И поэтому, когда на следующее утро к охотнику пришёл участковый – полупьяный, сонный, с глазами, припухшими от вчерашней водки и вечной деревенской скуки, – Степан не стал рассказывать ему ни о шепчущих черепах, ни о колыбельной, что пел ветер в их пустых глазницах, ни о том чавкающем звуке, от которого душа съёживается, как улитка в раковине.
Он просто сидел на лавке, опустив голову, дрожащими пальцами теребя край тулупа, и смотрел в пол бегающими, мокрыми глазами, будто боялся, что правда выскочит из них, как крыса из дыры. А потом, еле слышно, хрипло, выдавливая слова сквозь горло, переполненное пеплом и страхом, прошептал всего четыре слова:
– Там… пирамида. Из голов…
И в них заключались: вся боль, вся вина, всё проклятие Выгори.
А участковый только вздохнул, почесал затылок и подумал: «Опять этот лесной психопат! Да кто ж такой-то?! Надо бы разыскать безумца да в лекарню свозить. Пусть психиатр поглядит».
Но он ещё даже не подозревал – всего через три месяца его собственное лицо будет смотреть из пирамиды. Пустыми глазницами – на дом, где он родился.
А во взгляде Степана, остекленевшем и пустом, как окно заброшенного дома, где и пыль боится оседать, поселился ужас. Не безумие – оно было бы милосерднее. А немой страх. Тот, что не требует слов, потому что он старше языка. Кошмар, который, вгрызается в зрачки, как корень в трещину камня, и остаётся там навсегда, превращая глаза в зеркала, отражающие не мир, а то, что стоит за ним.
И именно этот взгляд – мёртвый, но ещё видящий, – спустя несколько месяцев после смерти стража порядка заметит в глазах деда Ефима приезжий писатель. Тот, что явится в Бездворье с блокнотом, сомнением в правдивости происходящего и верой в то, что всё можно объяснить здравым смыслом, если только написать достаточно умных слов.
Но он посмотрит в глаза старику – и поймёт, что смог прикоснуться к чему-то такому, о чём не пишут в книгах с подлинными историями. Вернее – писали. Но самые страшные из таких фолиантов – те, что знали имена, даты, ритуалы, – давно сгорели на «Выгорь-поляне».
Но правда не горит. Она превращается в тлен. А их пепел… всё ещё оставался тёплым. Не от огня. От дыхания. Потому, что в каждом комке праха – слово, выжженное, но не уничтоженное; имя, доносящееся из-под земли. И предупреждение, адресованное тому, кто осмелится поднять его с земли и спросить: «Что здесь случилось?»
Писатель почувствует этот жар на ладонях, даже если не дотронется.

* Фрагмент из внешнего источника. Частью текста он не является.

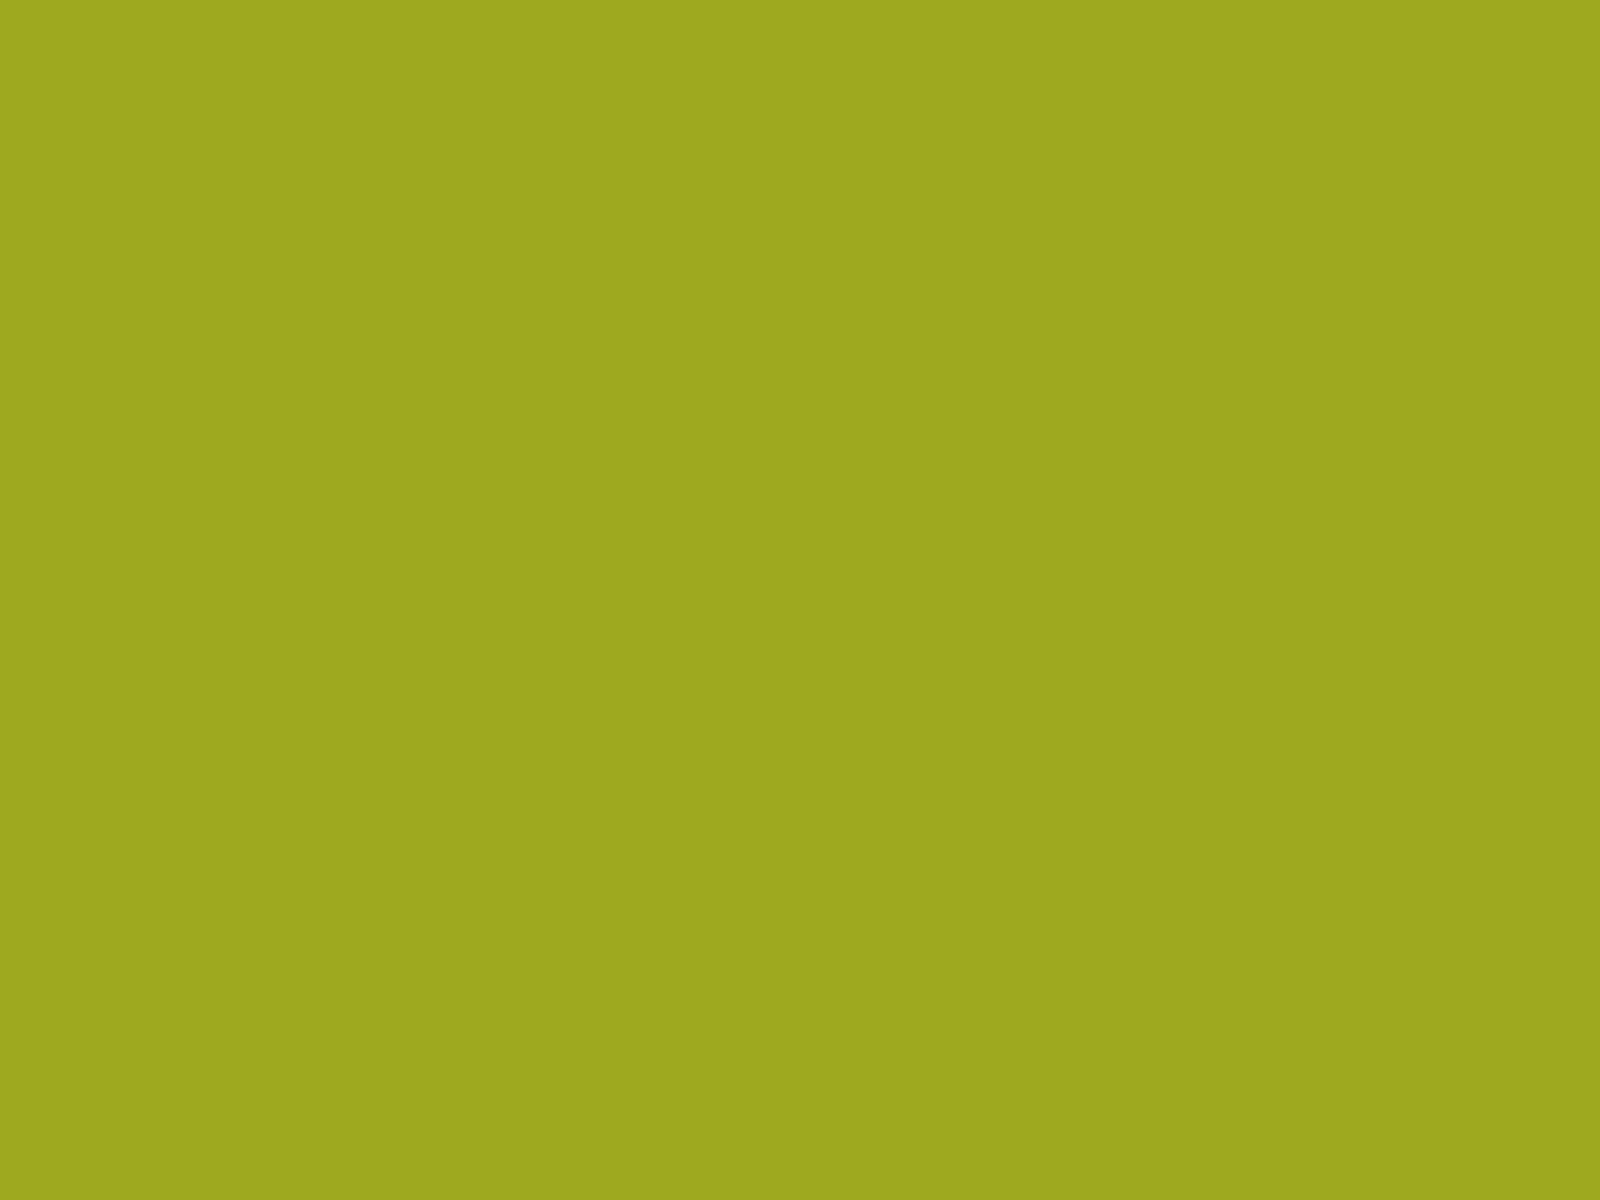 1600x1200 Citron Solid Color Background

Потому, что пепел узнаёт своих. И он уже ждёт. Чтобы стать следующей страницей.
Глава 1
«Есть три стороны у правды: твоя, моя и та, что прячется в болоте, прикинувшись корягой».
— Старая поговорка Бездворья.
Его мир был вылизан до белого глянца кости – не чистоты, а стерильности. Той, что бывает только в местах, где боль уже не кричит, а лежит под стеклом, как экспонат в музее забытых страданий. Стекло, сталь, асфальт – вот три плиты, под которыми покоился Леонид Громов, он же Лео Взрыв, он же человек, похоронивший себя заживо восемь лет назад. В тот день, когда дождь на асфальте стал зеркалом, а его руки – инструментом судьбы.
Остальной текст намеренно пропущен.